What will be the output of the program?
#include<stdio.h>
int main()
{
void fun(char*);
char a[100];
a[0] = 'A'; a[1] = 'B';
a[2] = 'C'; a[3] = 'D';
fun(&a[0]);
return 0;
}
void fun(char *a)
{
a++;
printf("%c", *a);
a++;
printf("%c", *a);
}
Discussion:
40 comments Page 2 of 4.
Pratik said:
1 decade ago
Wee when we are sending the addres of a[i], and incrementing it, so automaticaly address of a[i] will shift to a[i+1]. And hence it will print the content of net address a[i+1] as *a[i] is printed.
Rishabh said:
1 decade ago
@Abhilasha.
fun(&a[0]) means we pass the address of first element of an array..\
And when we increment it like a++ it means we just move to next element of array i.e., a[1].
fun(&a[0]) means we pass the address of first element of an array..\
And when we increment it like a++ it means we just move to next element of array i.e., a[1].
Amar said:
1 decade ago
Since the array is declared of "char" type an increment i.e. a++ would make it point to the next of its type i.e. a[1] wich is B. Same for the next one.
MOHIT HACKEZ said:
1 decade ago
Here first we incremented it by i++. So a[0] will be a[1]. After tht again we incremented it by i++. So a[1] will be a[2]. So it will print as a[1]a[2] means BC.
Sujal panchal said:
2 years ago
The answer is wrong because in this he uses postfix at the use of postfix the output is AB.
If you use a prefix the Answer Is different output is BC.

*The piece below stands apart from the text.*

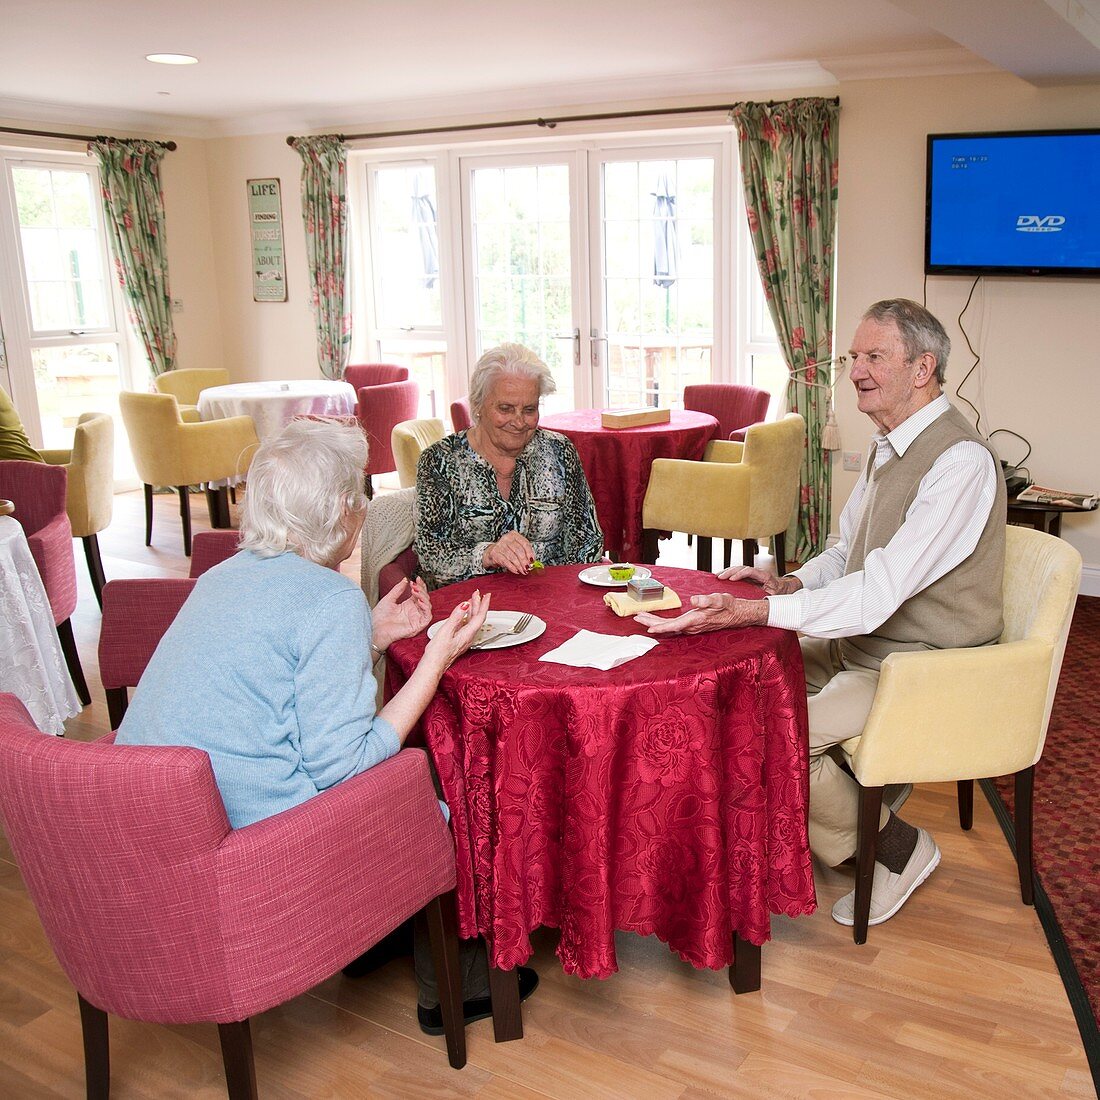 Elderly people at a care home
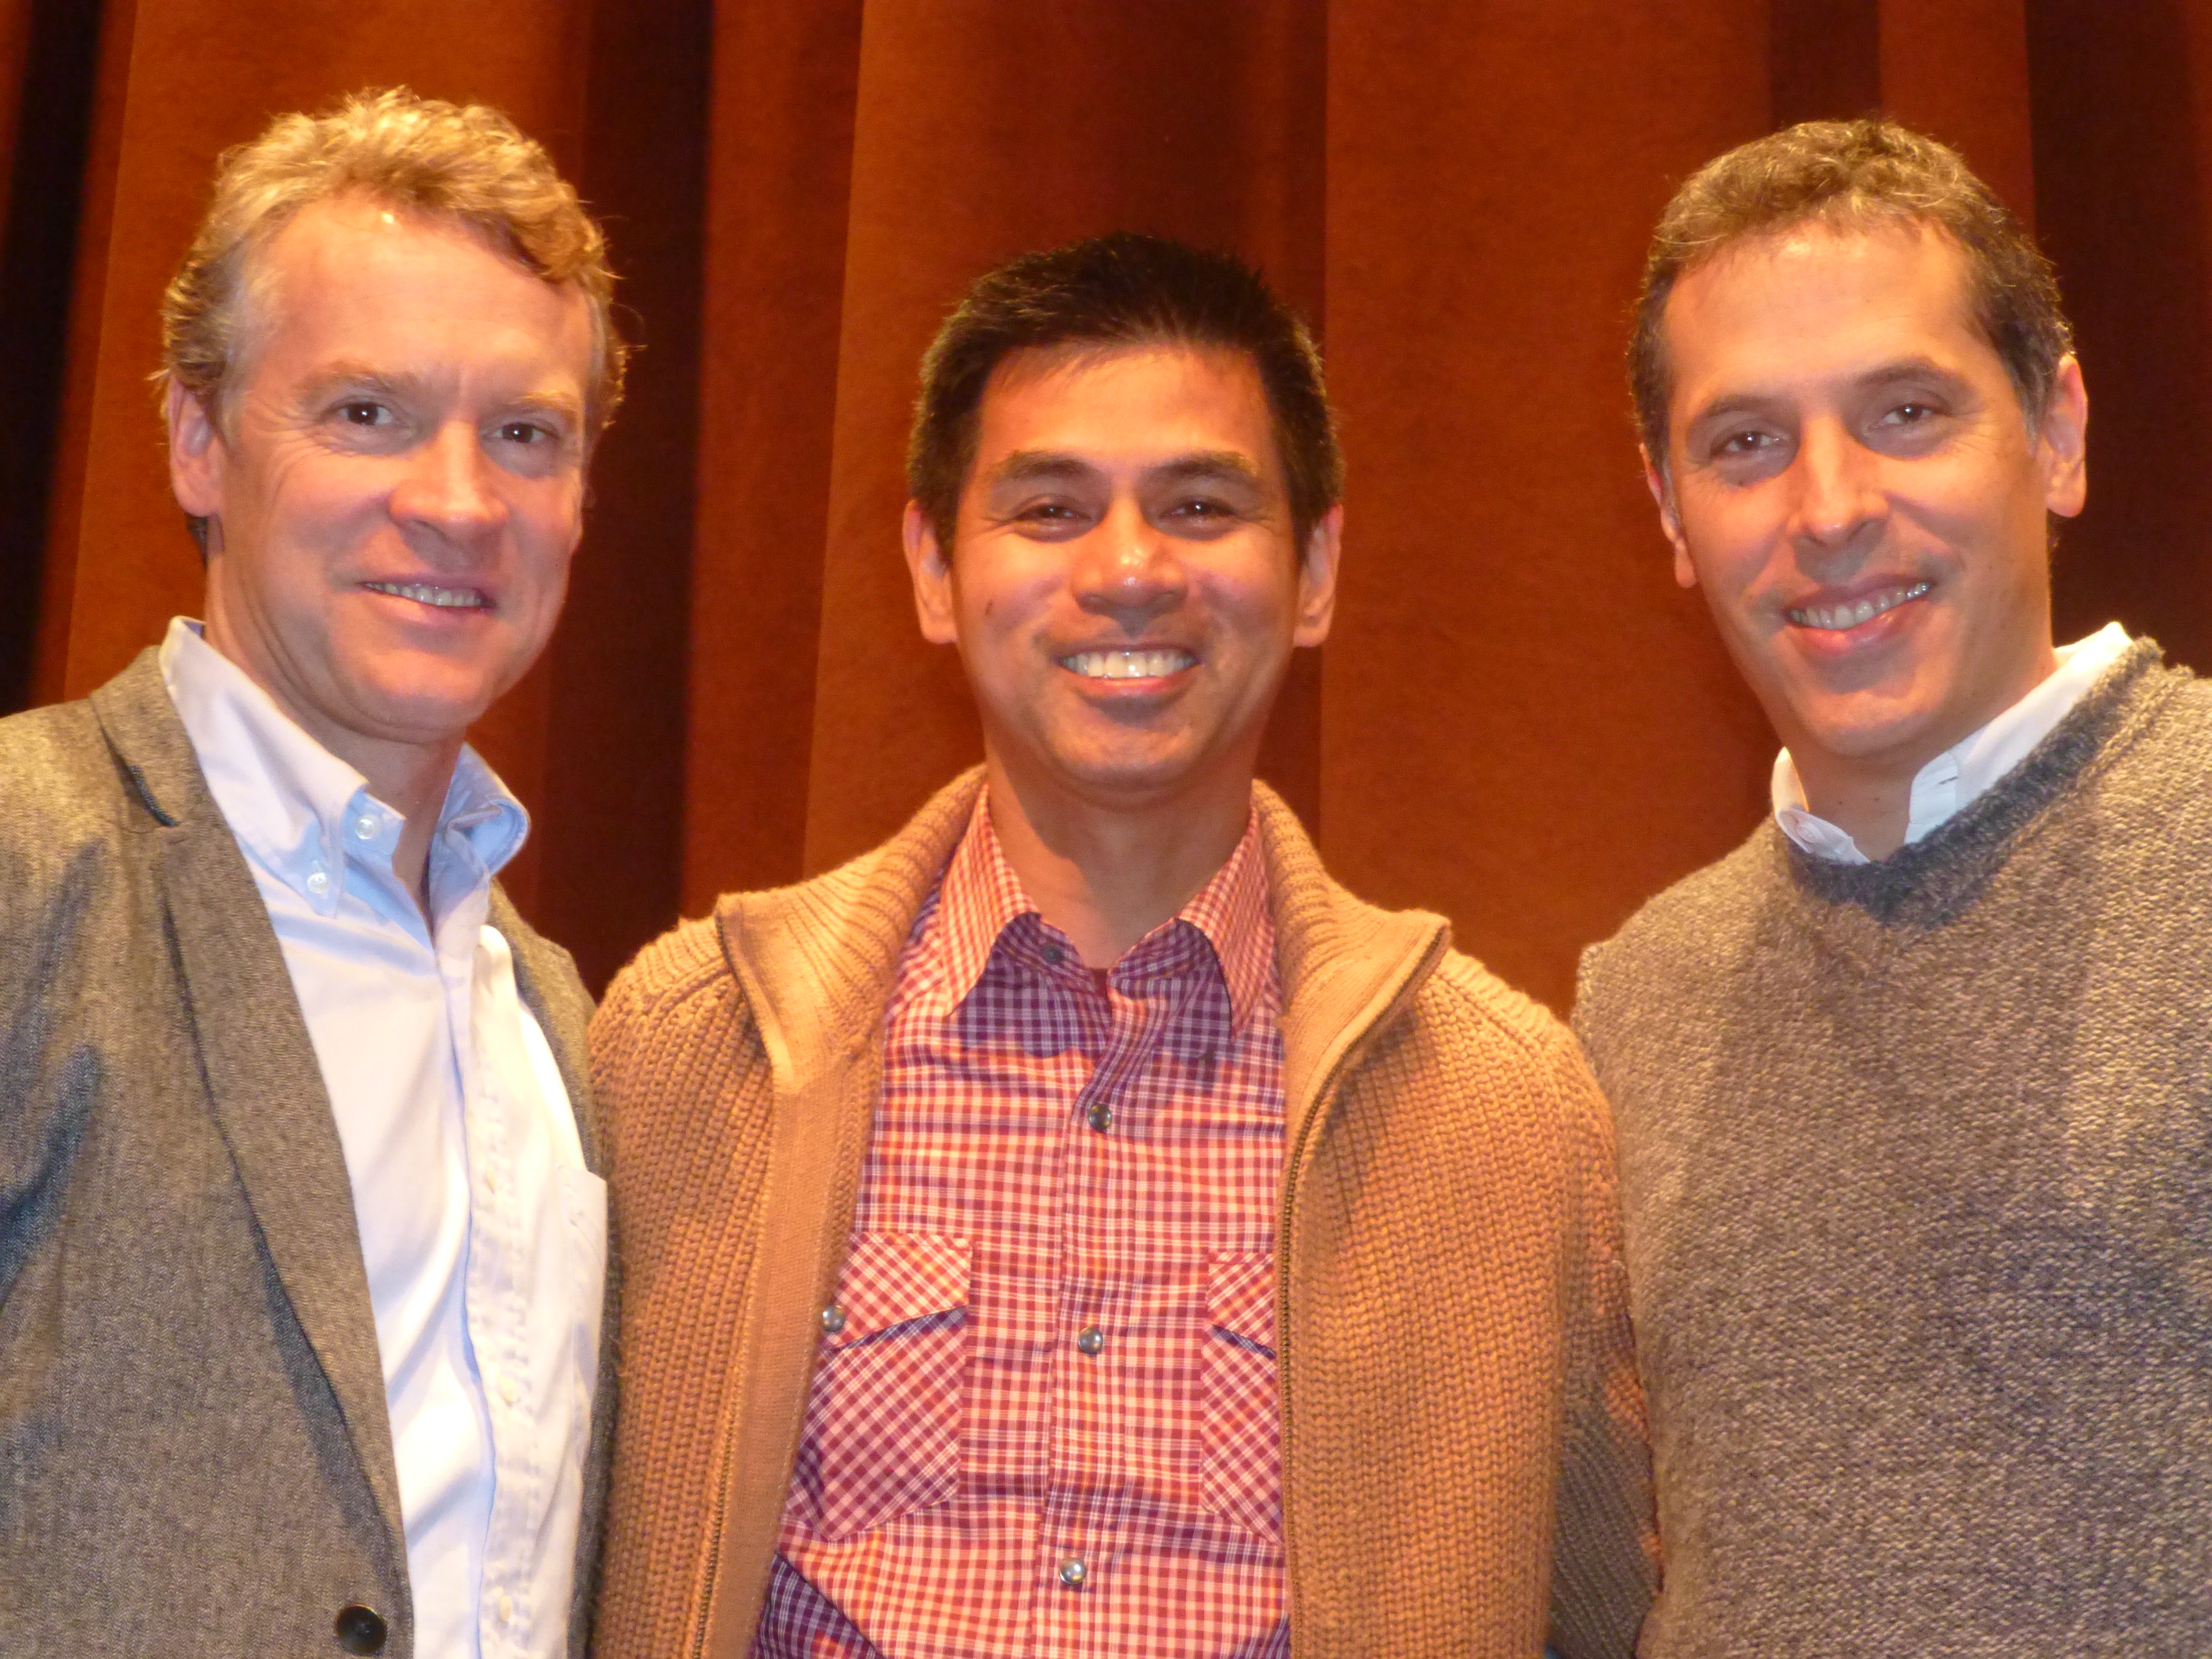 Tate Donovan who plays Bob Anders and cinematographer Rodrigo Prieto after screening of Argo which won Oscar for Best Picture

If you use a prefix the Answer Is different output is BC.
(1)
Sunny said:
1 decade ago
Initially pointer is set to 0.
And pointer is incremented in function.
So,
A of zero is A.
A++ will be A.
Again incremented.
That is C.
So BC.
And pointer is incremented in function.
So,
A of zero is A.
A++ will be A.
Again incremented.
That is C.
So BC.
SWAGATH9849636443 said:
1 decade ago
I have a doubt.
a++ is post decrements. so it does not store change D the value.
So a++ is as same as a. How it increment?
a++ is post decrements. so it does not store change D the value.
So a++ is as same as a. How it increment?
Rakhi said:
1 decade ago
Should it be an error? Since compiler acknowledge an array by its base address, changing the address will cause the error.
Dinesh kumar said:
10 years ago
They didn't declared the prototype of fun. How can we call the function inside the main? Answer was no output.
Sujith said:
9 years ago
Here there is no declaration and moreover return is void. How it will execute?
Please explain clearly.
Please explain clearly.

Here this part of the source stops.